Wszystko stało się jasne w wieku 11 lat. Po prostu miałem straszną frajdę, uderzając we wszystko, co się da. Sprzęty kuchenne, puszki, kartony. Później pierwszy zestaw Amati. Nigdy mi się to nie znudziło, a wręcz przeciwnie. No i lata przy bębnach zleciały. Nigdy nie grałem na żadnym innym instrumencie. Chyba już za późno, żeby coś dodatkowo opanować.
Bakcyla zaszczepił we mnie ojciec, pokazując podstawowy rytm w metrum 4/4. Odegranie go przeze mnie jako nastolatka, miało nastąpić na tułowiu. Bęben basowy i hi-hat wybrzmiewał w zależności od mocy uderzenia prawą dłonią w górną część klatki piersiowej. Werblem był brzuch, grany lewą dłonią. Tak wyglądał mój pierwszy zestaw. Potem była prawdziwa perkusja. Początki były ciężkie. Stale towarzyszyło mi poczucie niewiedzy i pełna dezorientacja. Mimo to, coś pchało mnie do przodu, by zagrać dokładniej, równiej i z większą swobodą. Radami wciąż dzielił się ojciec. Później przyszedł moment, gdy dorównałem mu umiejętnościami i nastąpił etap własnej kreatywności. Słuchając muzyki, skupiałem się na perkusji i próbowałem zrozumieć, jak grane są poszczególne partie. Próbowałem je odtworzyć. Ten szlak nauki towarzyszył mi w pierwszych latach nauki. W graniu na perkusji pięknem jest możliwość przypierdolenia jej kijem bez konsekwencji rewanżu. Im precyzyjniej bijesz, tym bardziej chodzi jak Szwajcar. (śmiech)

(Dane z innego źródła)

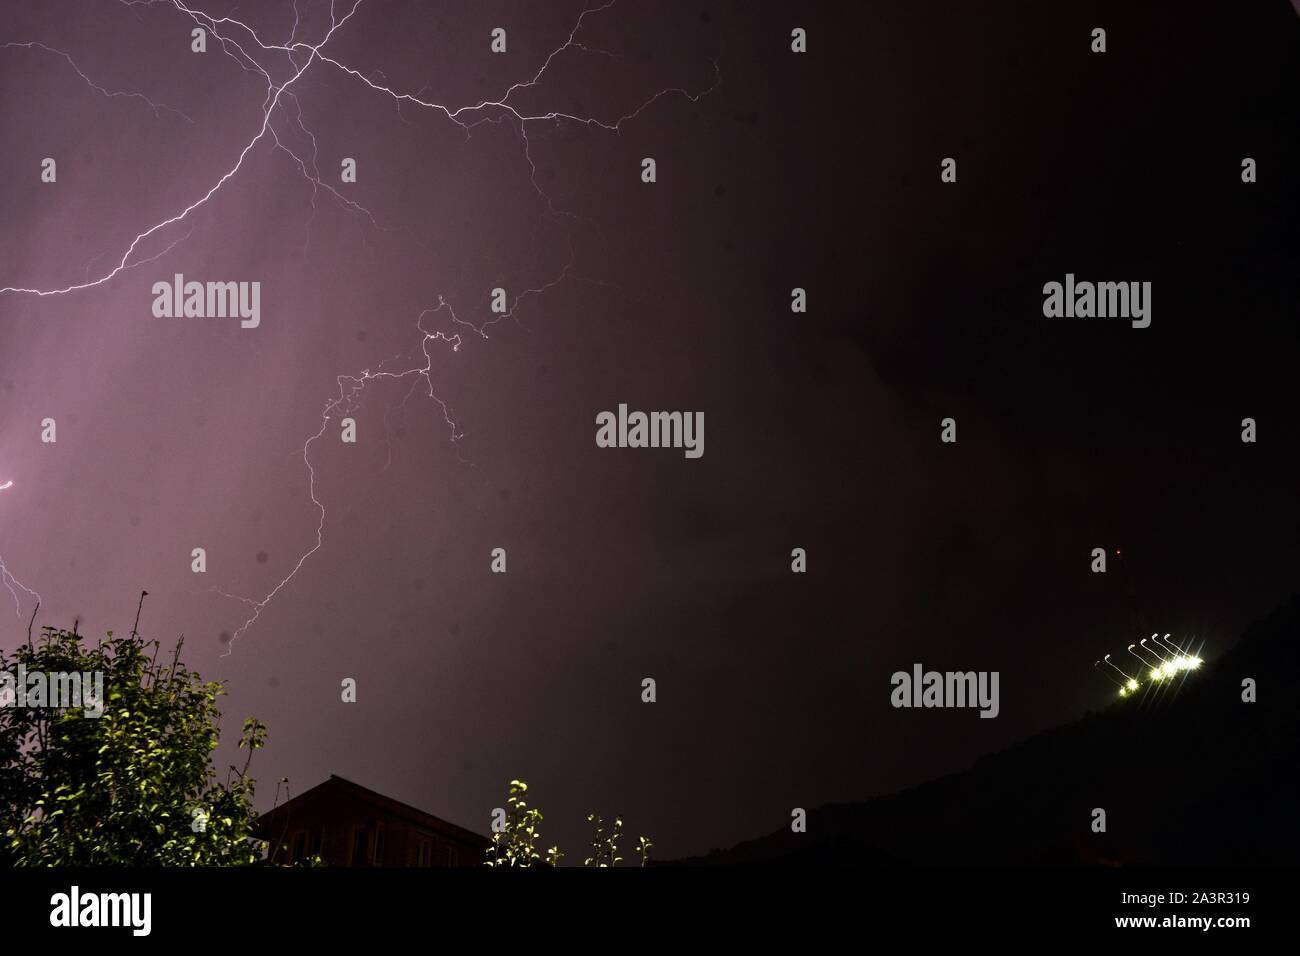 Lightning strikes during a thunderstorm in Srinagar, Kashmir. Stock Photo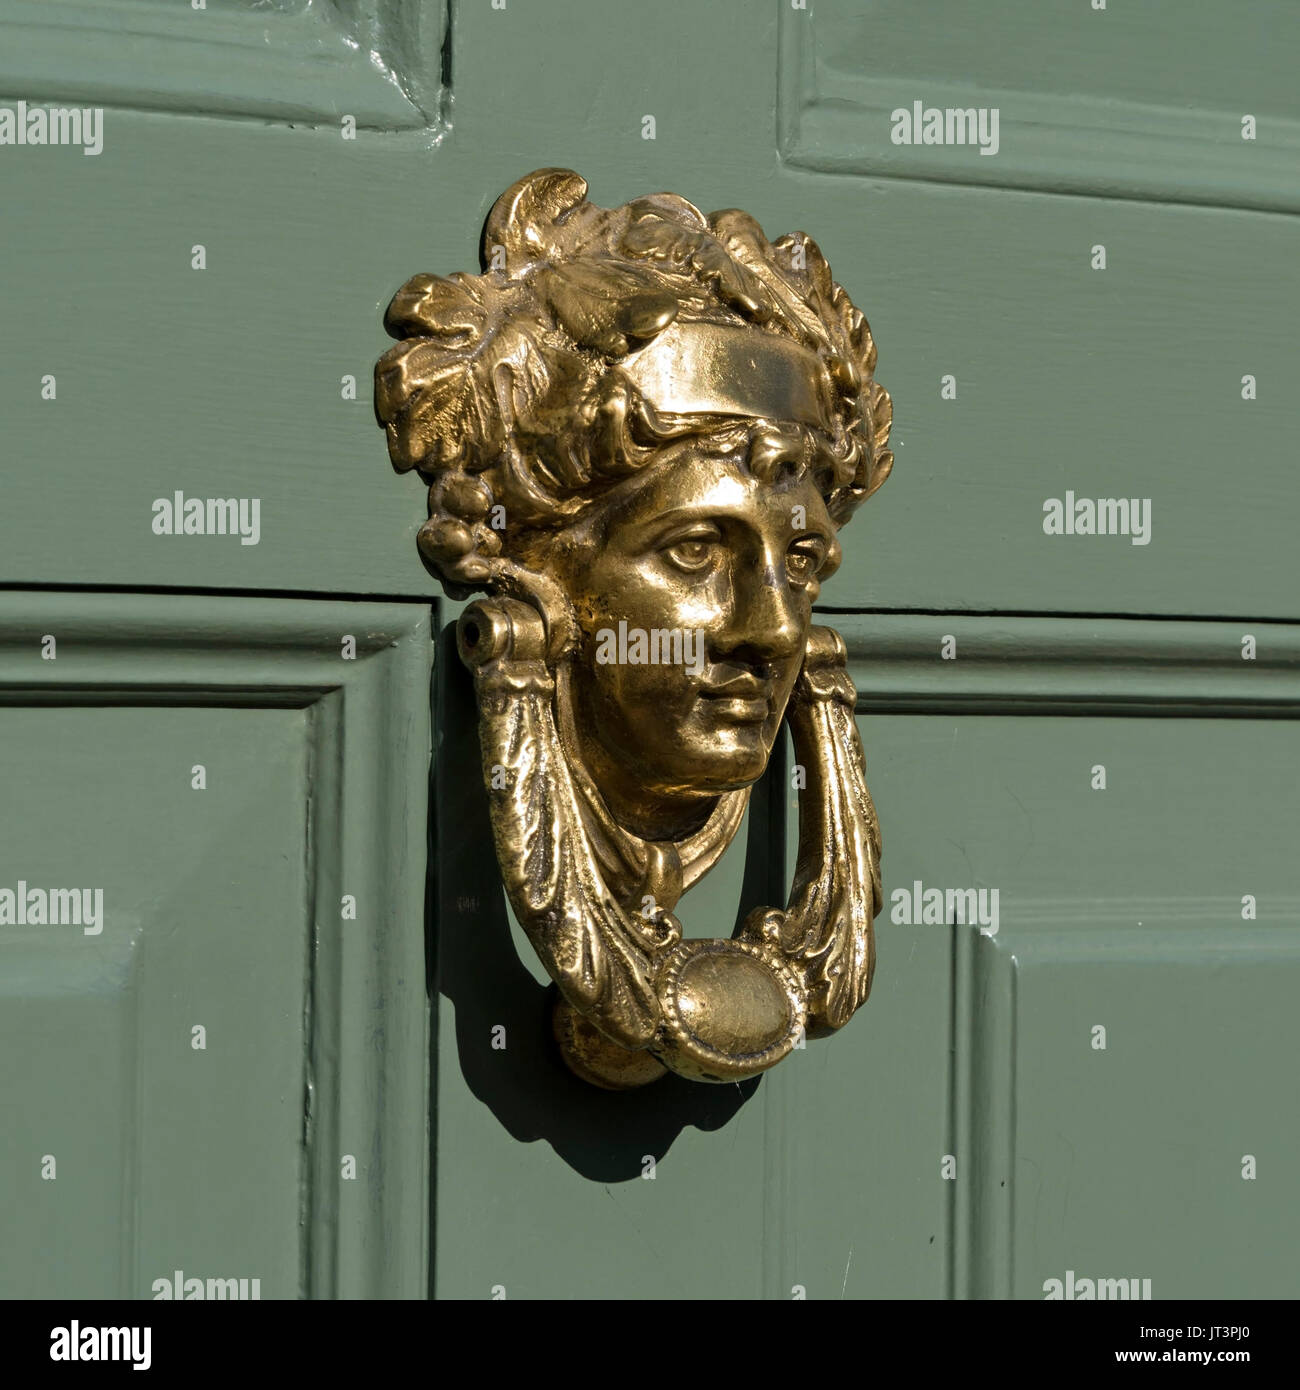 Smart golden polished brass door knocker depicting Roman goddess Apollo, on green painted wooden panelled front door. Stock Photo

Wielkość pewnych perkusistów polega na niezwykłym warsztacie. Inni grają mniej dokładnie, ale z feelingiem. Co was najbardziej pociąga w perkusji, co inspiruje, czego w niej szukacie?
Perkusja jest dla mnie narzędziem i kluczem do czegoś większego - tworzenia muzyki w pełnym jej wymiarze. Jeżeli rozwijam się w jakimś kierunku, to głównie dlatego, że nadchodzący materiał będzie wymagał takich, a nie innych partii. Poszukuję swobody wyrażania siebie. Idzie za tym sięganie i przyswajanie wielu elementów, często obcych, odległych i całkowicie nowych, których mogę w danej chwili potrzebować, by zrealizować to, co się aktualnie zrodziło w głowie. W byciu perkusistą podoba mi się fakt posiadania wpływu na puls całego utworu i nadawania mu charakteru. Lubię czasem powywracać wszystko do gór y nogami, ale oczywiście w granicach zdrowego rozsądku.
Technika jest potrzebna, gdy chcesz coś wyrazić w numerze, masz fajne rzeczy w głowie i potrzeba jest przelać to na bębny. Gdy masz technikę, mniejsze jest ograniczenie z tym związane. Po prostu to zagrasz. Dążę do jak najlepszego dopasowania partii bębnów z resztą. Technika nie jest najistotniejsza w całej tej zabawie, bo czasami najprostszy rytm siedzi najlepiej. Inspirujący w tym wypadku zawsze jest wiodący riff, do którego układam bębny.
Bębniarze, których dobrze się słucha, to osoby wkładające serce w muzykę. Posiadające warsztat oraz, co chyba najważniejsze, potrafiące umiejętnie aranżować. Osobiście nie przepadam za stylem gwiazd muzyki ekstremalnej, które wrzucają swoje filmy do sieci. Ich partie są bliskie perfekcji i trzeba jednak docenić wysiłek, jaki włożyli, by osiągnąć taki poziom. W moim odczuciu jednak brakuje temu duszy. To mnie nie kręci. Nie podoba mi się również styl grania siłowego. Jakość dźwięku jest wysoka, jednak pozbawiona większej dynamiki. W tym przypadku możesz zagrać lżej, ale mocniej już nie.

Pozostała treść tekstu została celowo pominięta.